- Born: 5 January 1925 Villaverla, Vicenza, Italy
- Died: 19 October 2017 (aged 92) Vicenza, Italy

= Marino Rigon =

Italian-Bangladeshi Xaverian missionary priest

Marino Rigon (5 January 1925 – 19 October 2017) was an Italian-Bangladeshi Xaverian missionary priest popularly known as the "friend of Bengalis". Rigon was born in Villaverla, Vicenza, Italy in 1925. In 1953, he moved to the East Bengal province of Pakistan and during the 1971 Bangladesh Liberation War, he gave shelter and cared for the injured. He lived in Bangladesh as a missionary for sixty years preaching the Gospel among Catholics using the local language (Bengali) and making a tremendous contribution to the Catholic Church of Bangladesh.

Father Rigon established a Rabindra study centre in Italy in 1990. He was famous for translating the works of Bengali poet and Nobel Prize winner Rabindranath Tagore. Rigon translated forty of Tagore's works into Italian. He also translated a number of other literary works, including mystic poet Lalon Fakir's songs and Jasim Uddin's Nakshikanthar Math into Italian. Many of the books were later re-translated to French, Spanish and Portuguese. He received many literary awards during his life. With Rigon's help, a Bangladeshi theatre troupe staged the musical drama Nakshikanthar Math in Italy in 1986. Rigon translated the Italian fantasy fiction book, The Adventures of Pinocchio, into Bengali.

He was passionate about education and established seventeen educational institutions. He was honoured as a freedom fighter of the 1971 Bangladesh Liberation War for his contributions during the war. In 2009, Father Marino Rigon was conferred honorary citizenship of Bangladesh by Prime Minister Sheikh Hasina for his tireless and exemplary contributions to society, especially in Bangladesh.
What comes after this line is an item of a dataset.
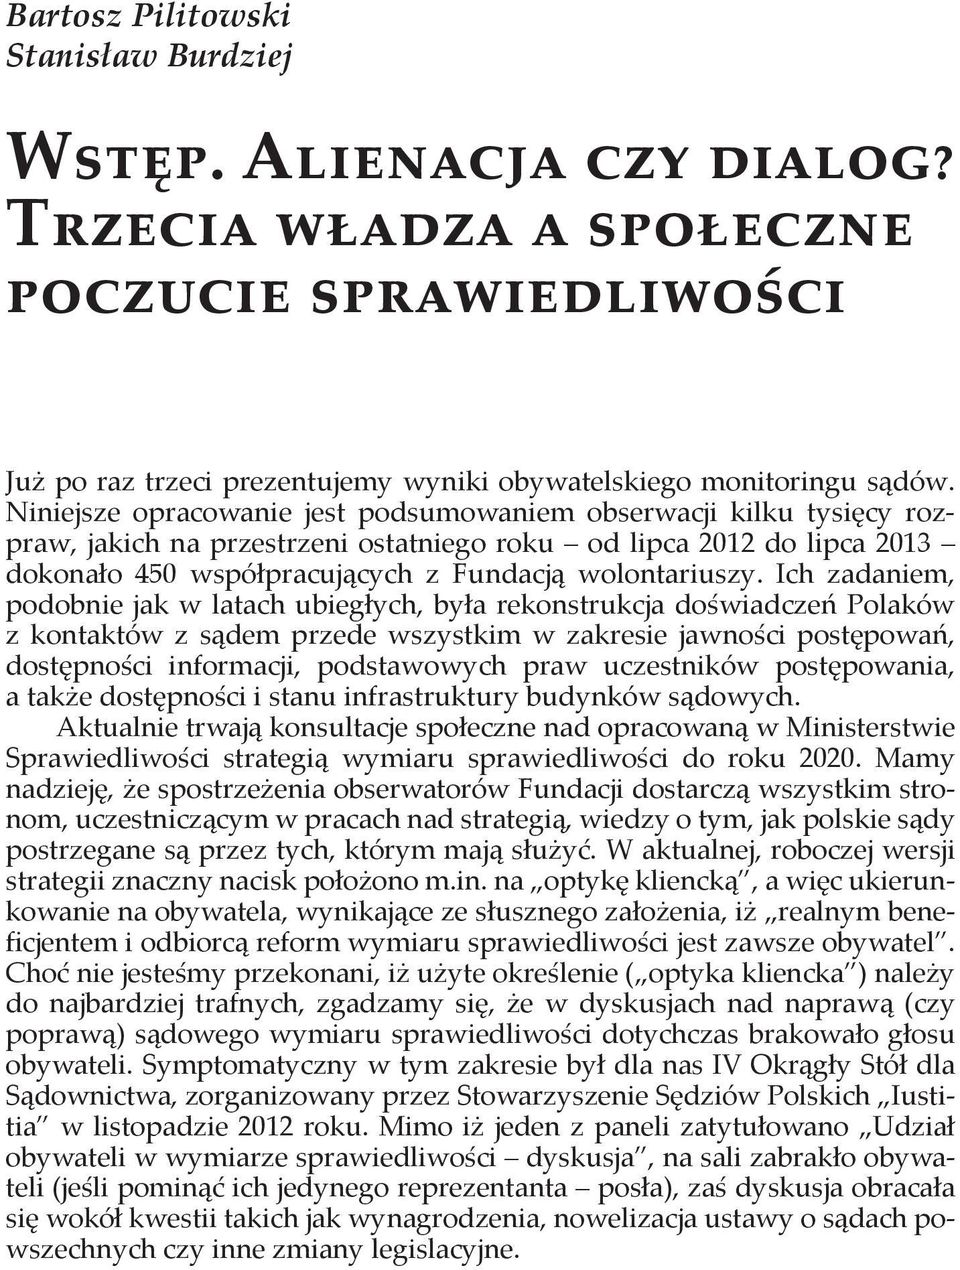 Ich zadaniem, podobnie jak w latach ubiegłych, była rekonstrukcja doświadczeń Polaków z kontaktów z sądem przede wszystkim w zakresie jawności postępowań, dostępności informacji, podstawowych praw
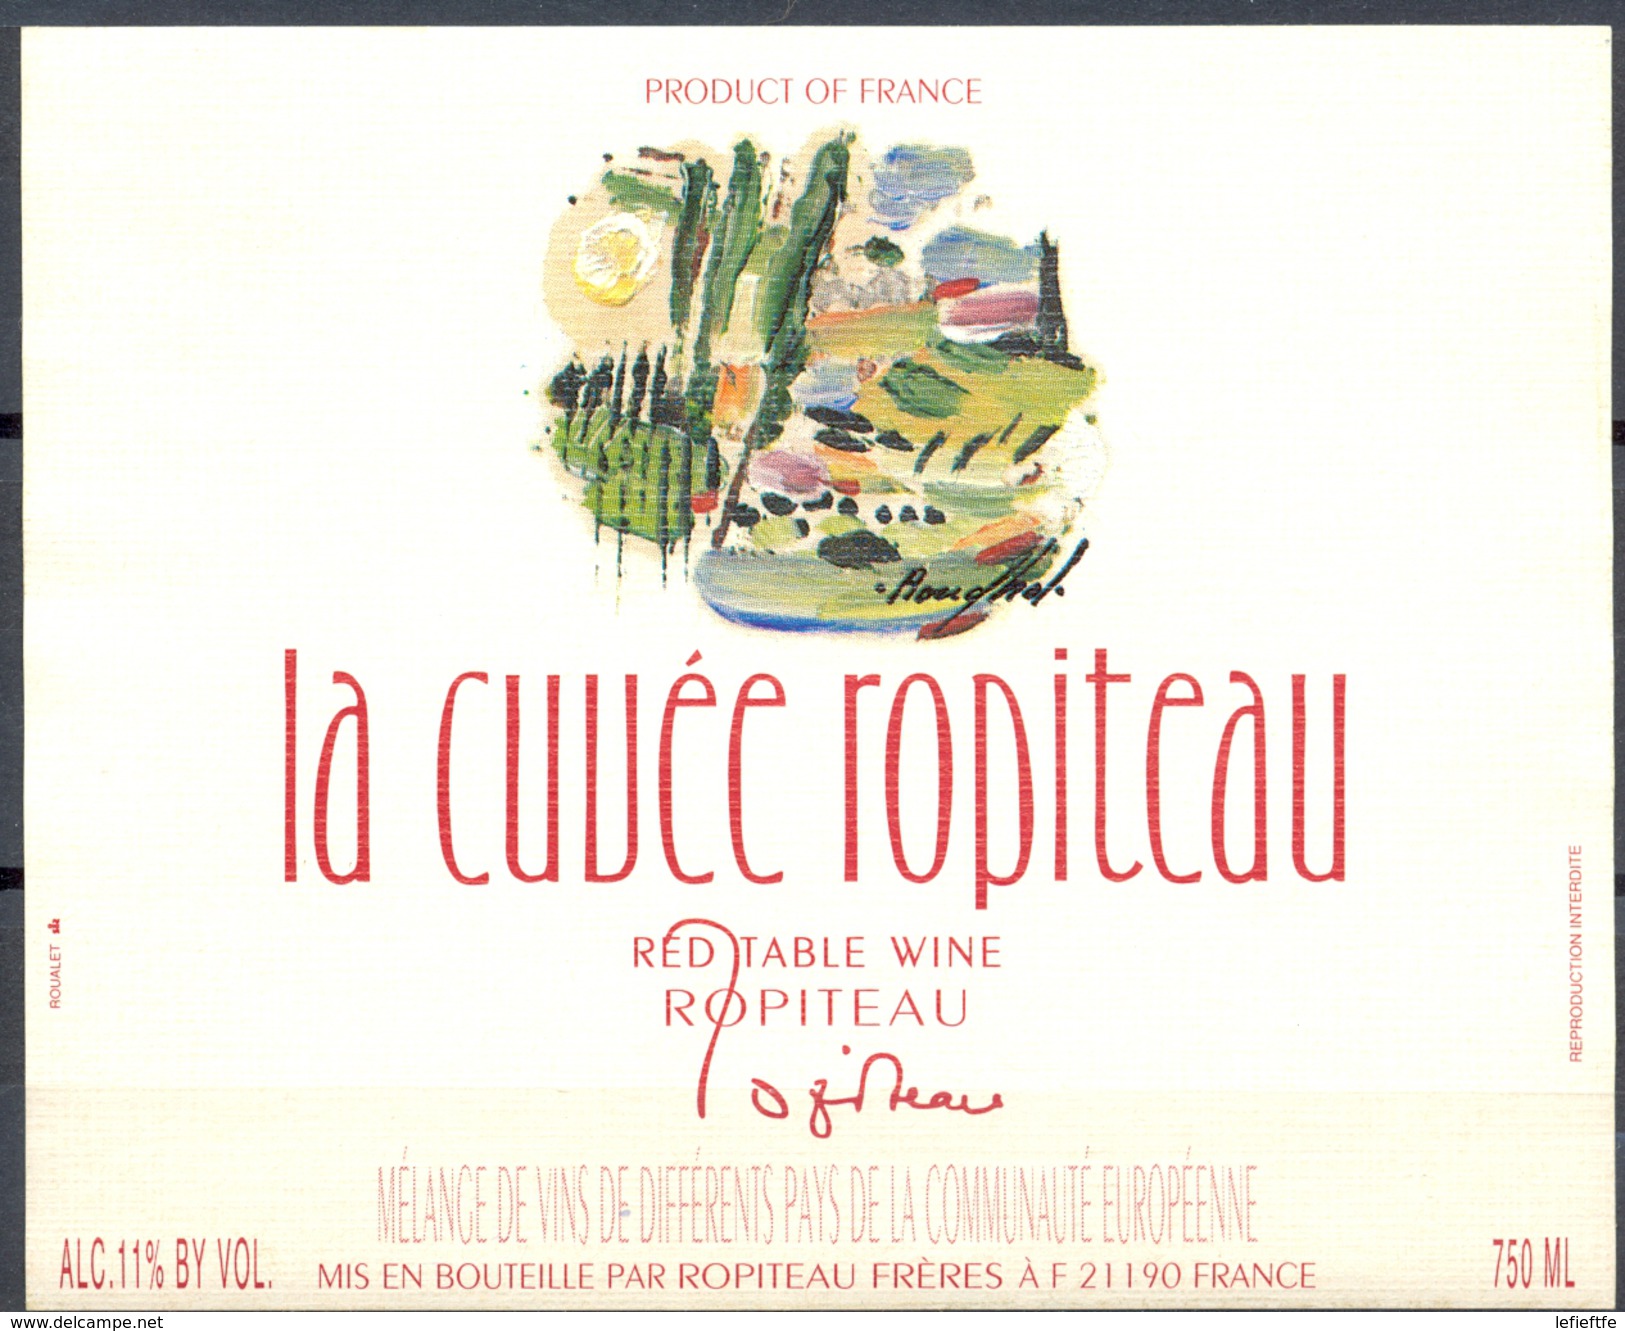 057 - La Cuvée Ropiteau  - Red Table Wine - Mélange De Différents Vins De La Communauté Europénne - Robiteau Frères - Rotwein

Very few foreigners are conferred such an honour. At the age of ninety-two, father Rigon died of old age complications in Vicenza, Italy, on 19 October 2017.

==Honours==
Marino died on 19 October 2017 in Italy and was laid to rest on 21 October 2018 at Shelabunia Church cemetery in Mongla of Bagerhat, Bangladesh. Honouring his last wish, Marino's mortal remains were buried at the cemetery of the church that he founded. Earlier, the coffin with his remains arrived at Shahjalal International Airport in Dhaka on a Turkish Airlines flight. A guard of honour was given to the Father at the churchyard, where people from all walks of life paid tribute to him at Mongla Upazila Parishad ground. Father Rigon was given honorary citizenship of Bangladesh in 2009 and was conferred the “Friends of Liberation War Honour” award in 2012 for his support and contribution during the war of independence in 1971 of Bangladesh. During Bangladesh's Liberation War, Rigon was at Baniarchar Church in Gopalganj, Bangladesh. He provided support and medical treatment to sick and injured freedom fighters, and actively took part in the war. After the independence of Bangladesh, he made Shelabunia of Mongla his permanent residence. In 2014, when he fell gravely ill with cardiac disease, his brother took him to Italy.